[WHAT IS BEING ASKED]
With the pictures set aside, write out all of the data exactly as it stands.

[DATA EXTRACT]
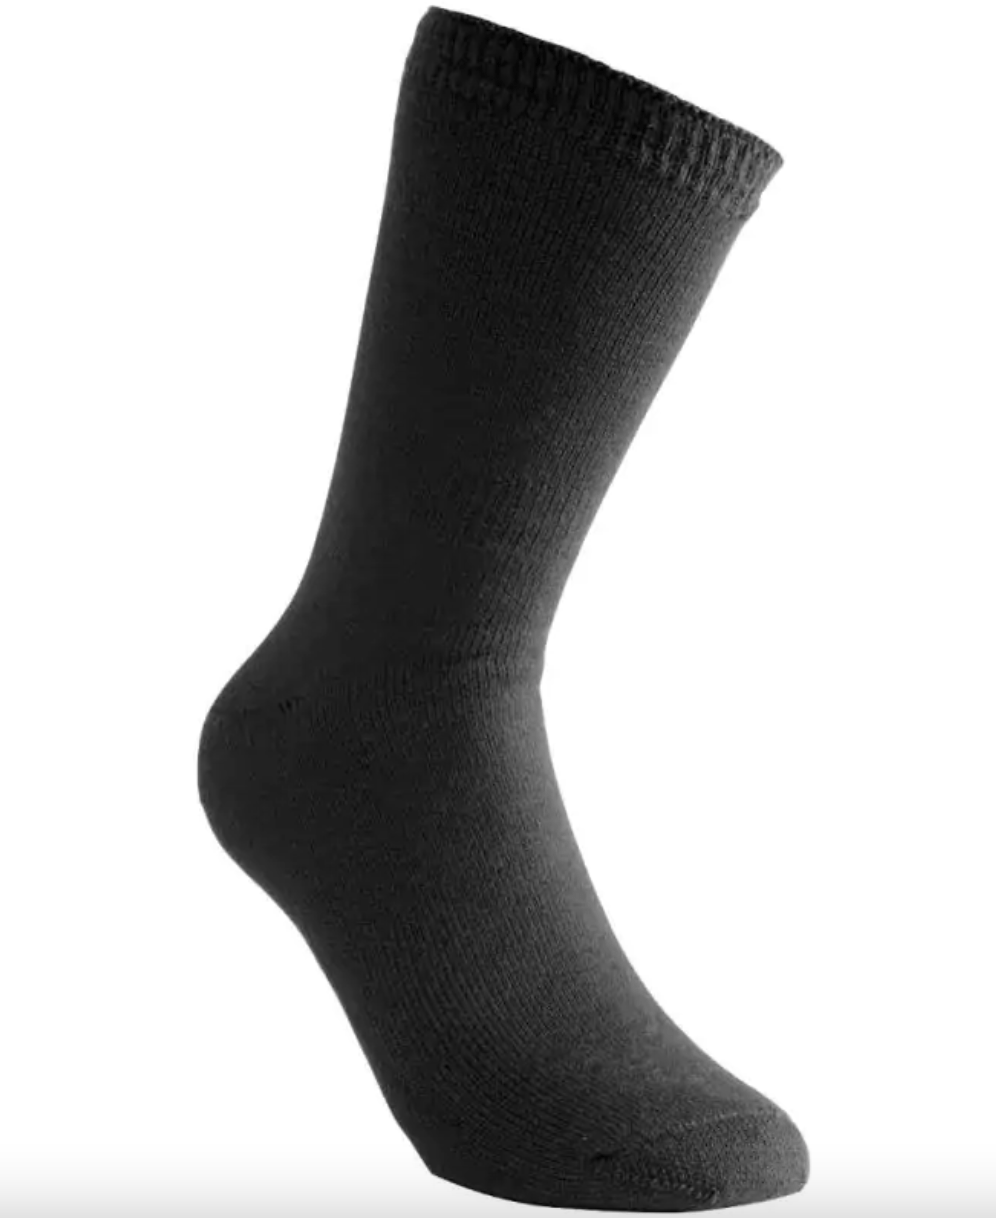 Woolpower Socks 40-44 EUEU / Black Woolpower Classic 400g Black
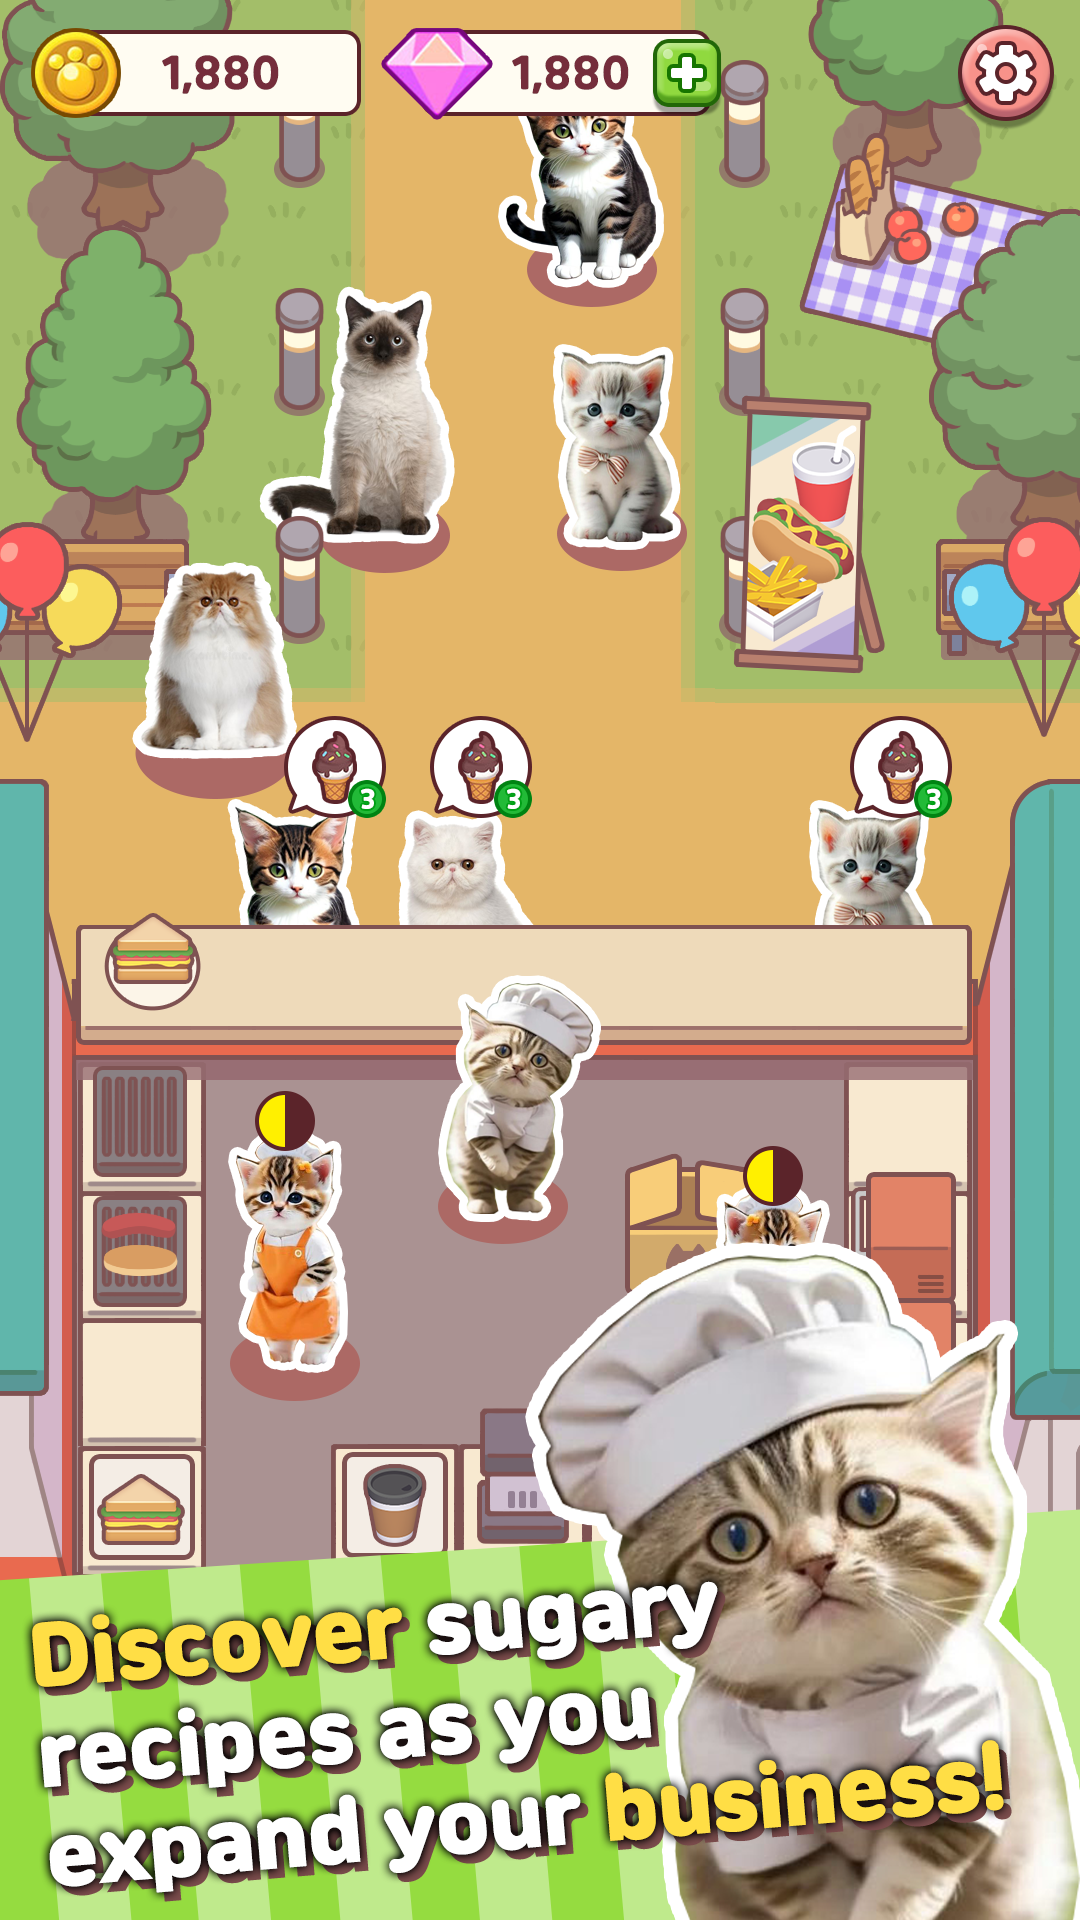 Screenshot of Cute Cat restaurant
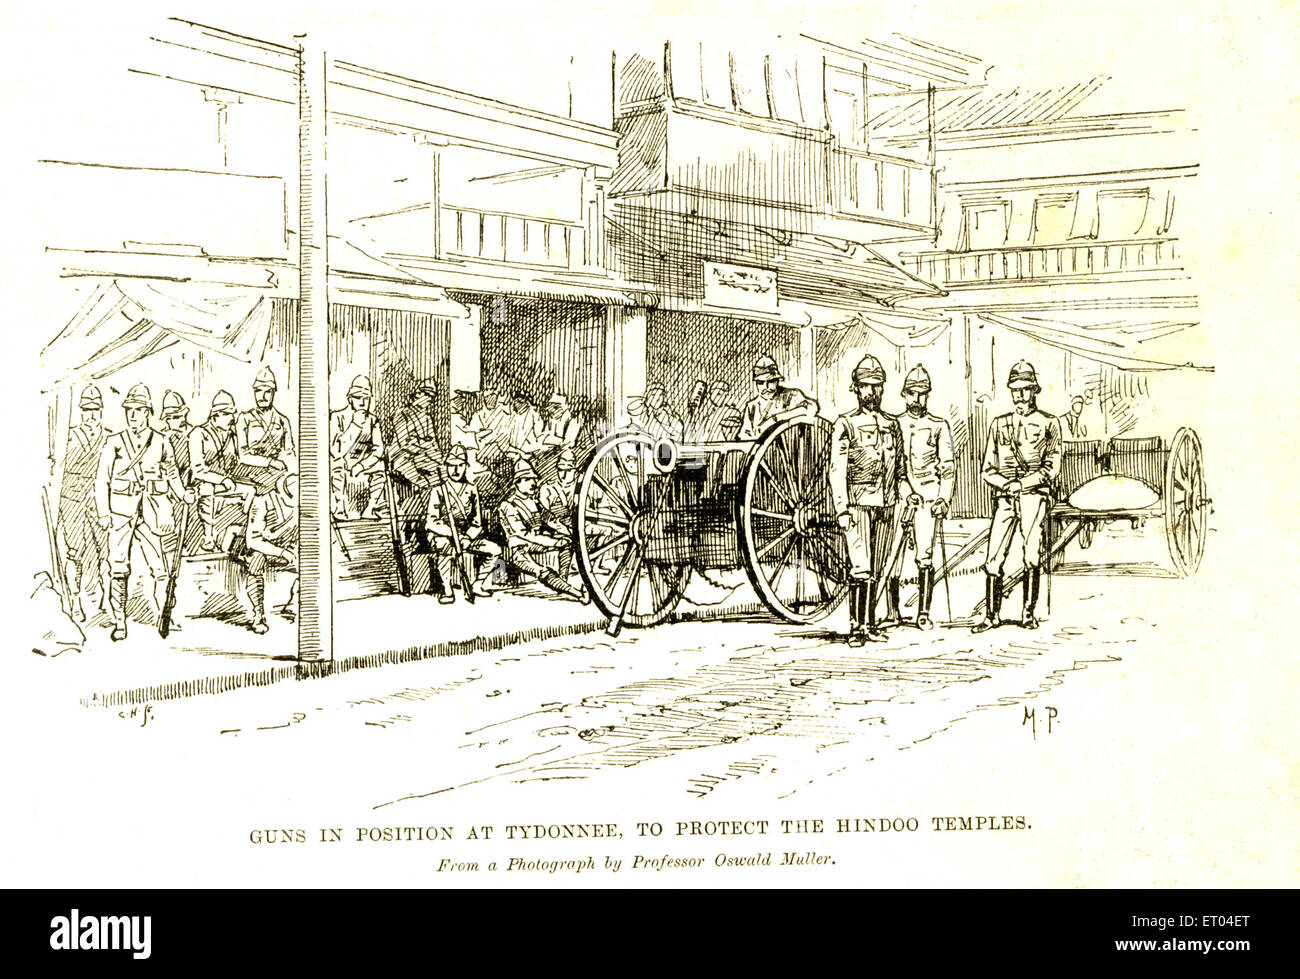 Guns in position at Tydonnee to protect Hindu temples ; 9th September 1893 ; Bombay now Mumbai ; Maharashtra ; India Stock Photo

[YOUR SOLUTION]
 Woolpower Socks 40-44 EUEU / Black Woolpower Classic 400g Black
 Screenshot of Cute Cat restaurant
 Guns in position at Tydonnee to protect Hindu temples ; 9th September 1893 ; Bombay now Mumbai ; Maharashtra ; India Stock Photo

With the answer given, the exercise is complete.